Skip the pictures. Transcribe the rest of the data below without changing a word.

### [GIVEN DATA]
+---+

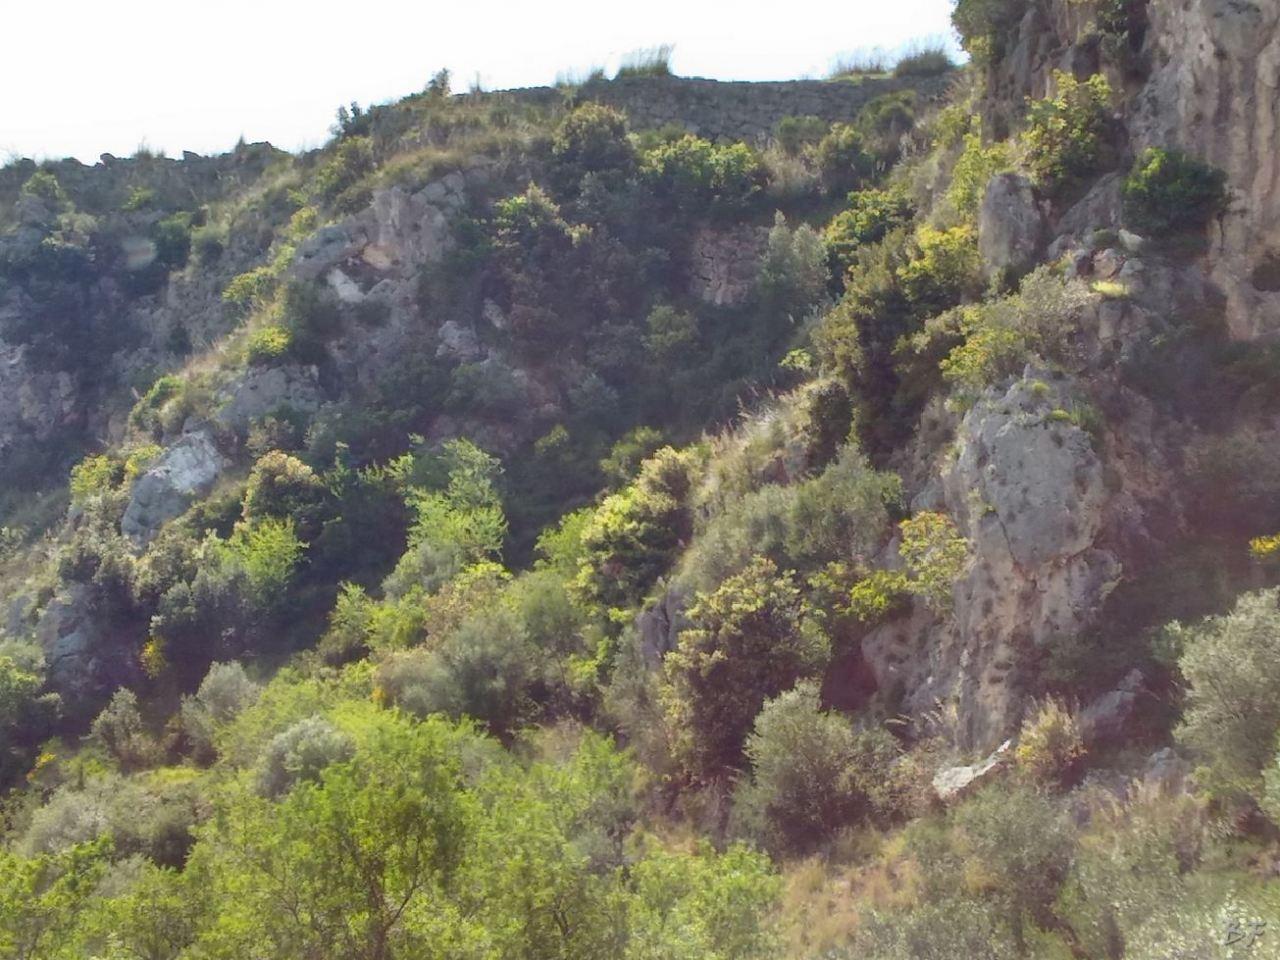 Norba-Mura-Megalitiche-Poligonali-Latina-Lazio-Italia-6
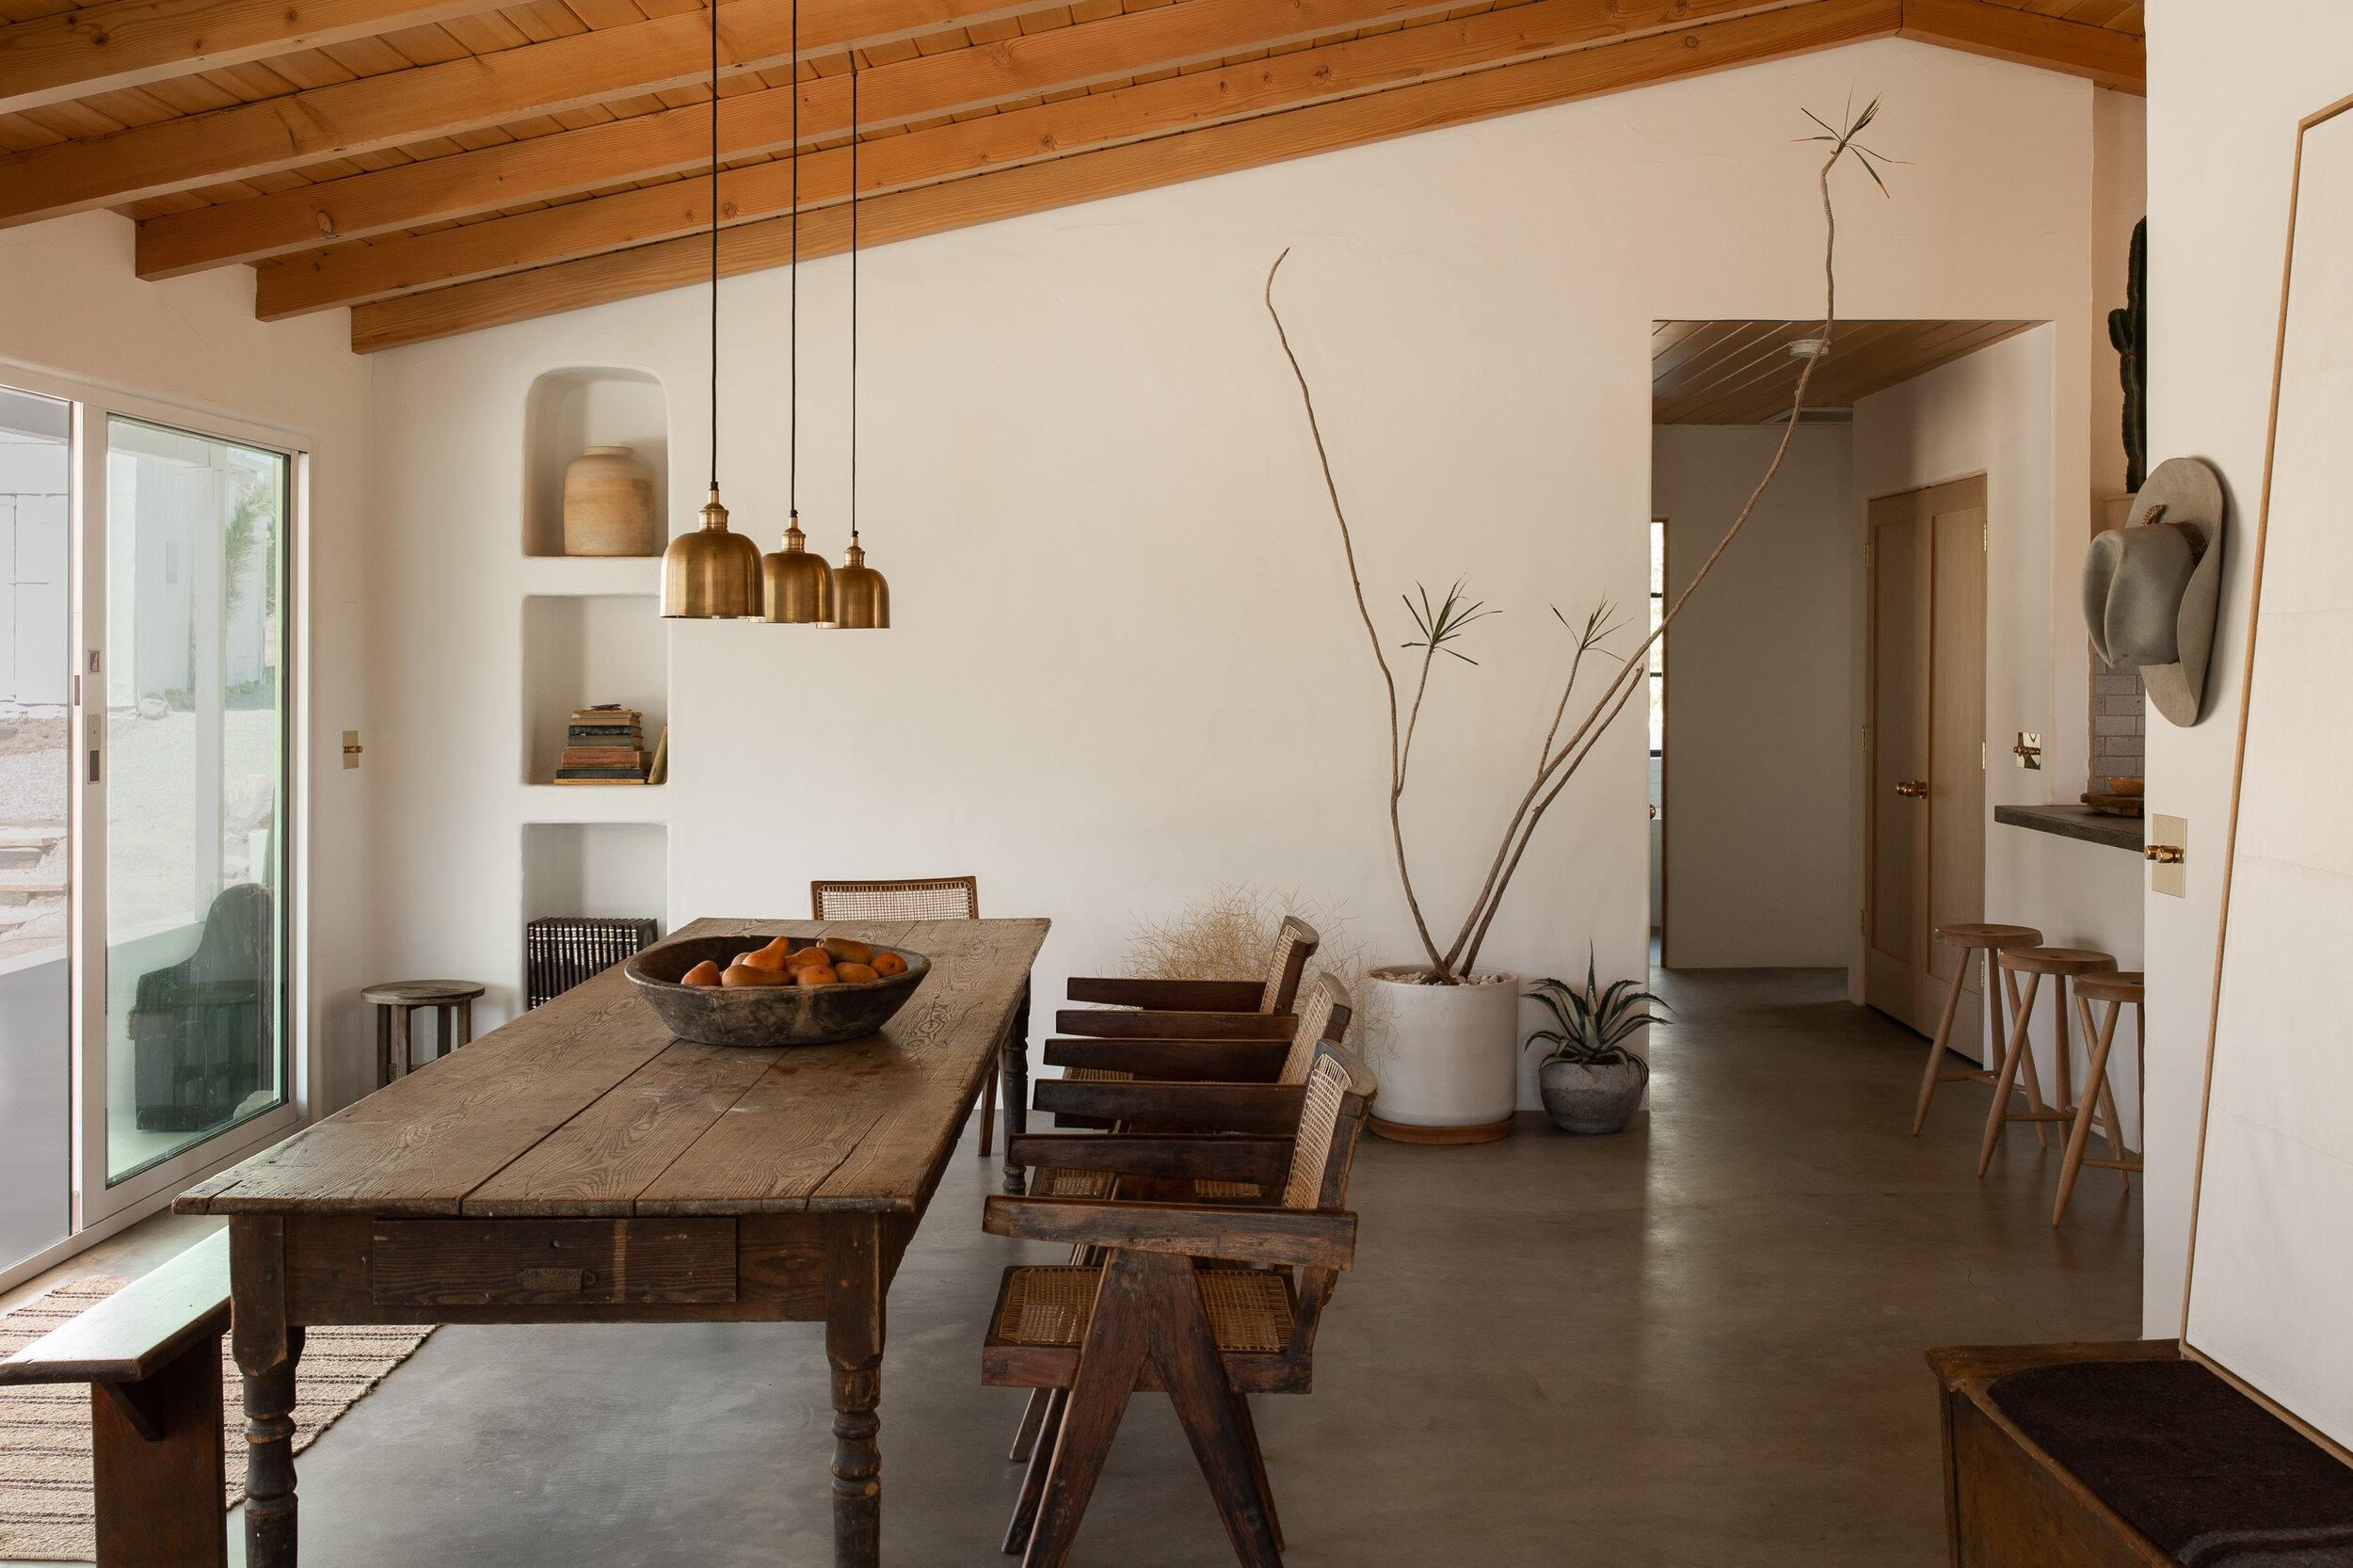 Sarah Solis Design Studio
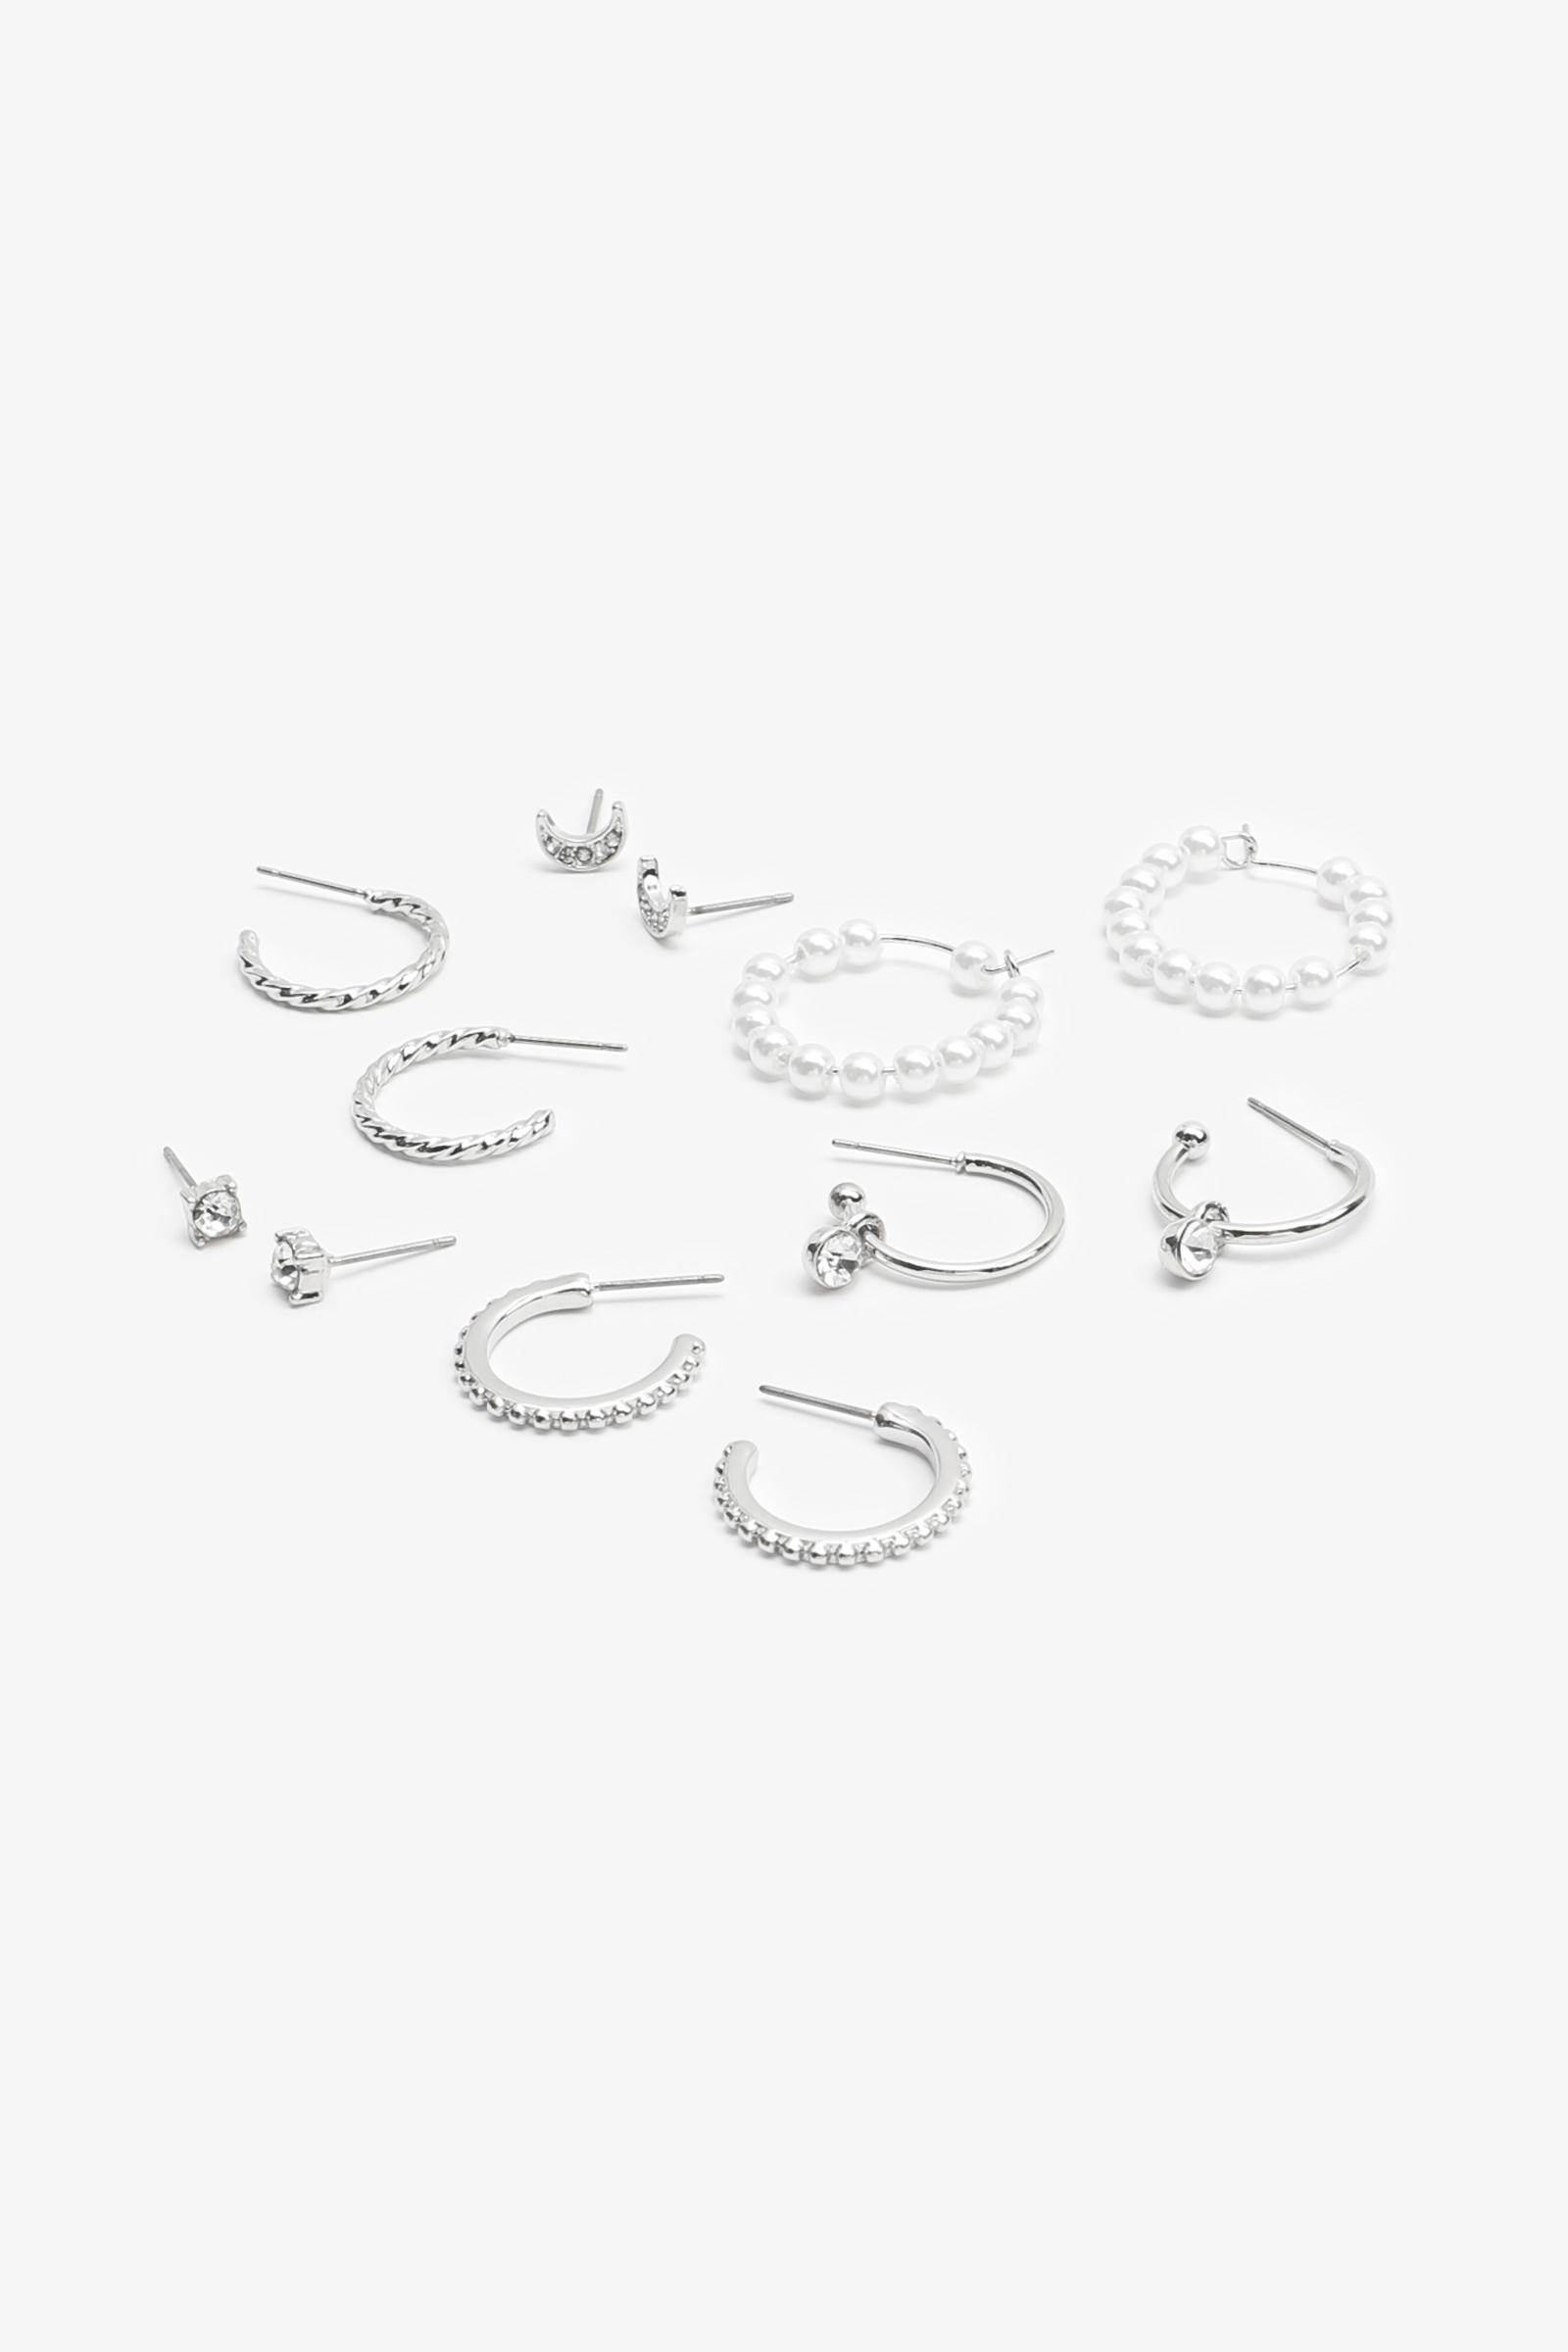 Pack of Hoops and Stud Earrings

+---+

### [ANSWER]
 Norba-Mura-Megalitiche-Poligonali-Latina-Lazio-Italia-6
 Sarah Solis Design Studio
 Pack of Hoops and Stud Earrings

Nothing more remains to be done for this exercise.